This project would be explaining about “how to scraping data from the specific website and analyzing it” using R. In some case we can obtain data from the website with APIs protocol or you can download it directly if possible. But not all website provide API or download facilities. This condition usually has happened in data analysis scope. So, with this project, i will show you one of technique that can be used for solving this problem.

Before continuing this discussion, let me tell you about this project flow. Let’s say we have some case about football manager games on Google Play Store. Now we want to know, Which better between a game feature with “Single Character Building” and “Multiple Character Building”. Data that will be used can be obtaining with scraping from https://play.google.com/store?hl=en and here our outline:

  1. Data and package preparation
  2. Functions needed
  3. Scraping phase
  4. PCA and regression analysis
  5. Visualization 
1. Data and package preparation
First step we need game’s URL and its feature that we want to compare it. (In real case we need more urls, not only five for best result)

data <- read.csv("soccerURL.csv",header=T)
urls <- data$URL
data

##                                                                                  URL
## 1 https://play.google.com/store/apps/details?id=com.bloodstone.fantasista&hl=en
## 2 https://play.google.com/store/apps/details?id=com.generamobile.soccerheroes&hl=en
## 3 https://play.google.com/store/apps/details?id=com.firsttouchgames.story&hl=en
## 4 https://play.google.com/store/apps/details?id=com.newstargames.newstarsoccer&hl=en
## 5 https://play.google.com/store/apps/details?id=com.firsttouchgames.dls3&hl=en
## character
## 1 SCB
## 2 MCB
## 3 SCB
## 4 SCB
## 5 MCB

Packages needed

library(curl)
library(rvest)

library(RCurl)
library(foreach)
library(psych) #for statistics purpose
library(fmsb) #for create radar chart

2. Function Needed
Here i’ve written simple function for scraping purpose.

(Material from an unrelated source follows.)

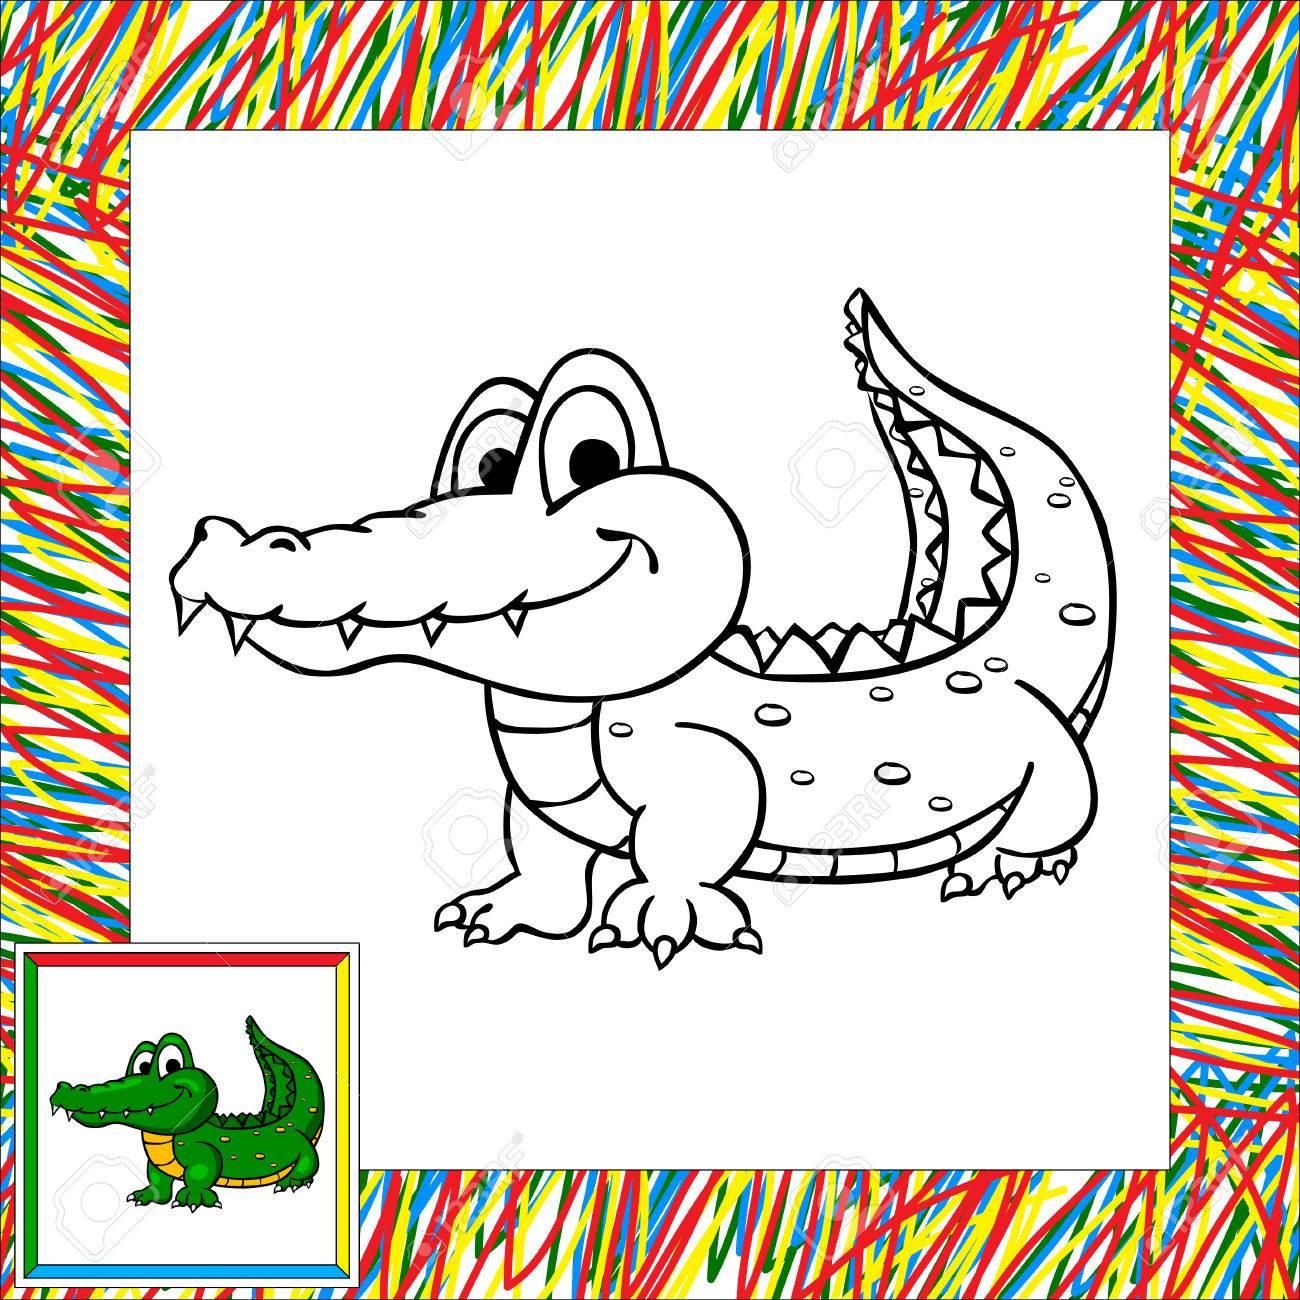 Divertidos Dibujos Animados De Libro Para Colorear Cocodrilo ...

Function below will be used for our analysis,

#function for data scraping from google playstore webpage
ScrapPlaystore <- function (url){
#'@param: url (char): this is game's url from google play store
#'@return: (list) function return meta data game and it reviews (included title)
options(warn = -1)
#read_html() is for download of content
htmlpage <- read_html(curl(url))
#html_node() is for selecting node(s) from the downloaded content of a page
#html_text() is for extracting text from a previously selected node

#basic scraping such as title, developer name, category, rating, etc
title <- html_text(html_node(htmlpage,".id-app-title"))
dev <- html_text(html_node(htmlpage, "#body-content > div.outer-container > div > div.main-content > div:nth-child(1) > div > div.details-info > div.info-container > div:nth-child(2) > a > span"))
category <- html_text(html_node(htmlpage,".category span"))
score <- as.numeric(html_text(html_node(htmlpage,".score")))
ratingCount <- as.numeric(gsub(",", "",html_text(html_node(htmlpage,".reviews-num")) ))
mstar <- matrix(gsub(",", "",html_text(html_nodes(htmlpage,".bar-number"))))
mstar <- as.data.frame(t(mstar))
colnames(mstar) <- c("star5","star4","star3","star2","star1")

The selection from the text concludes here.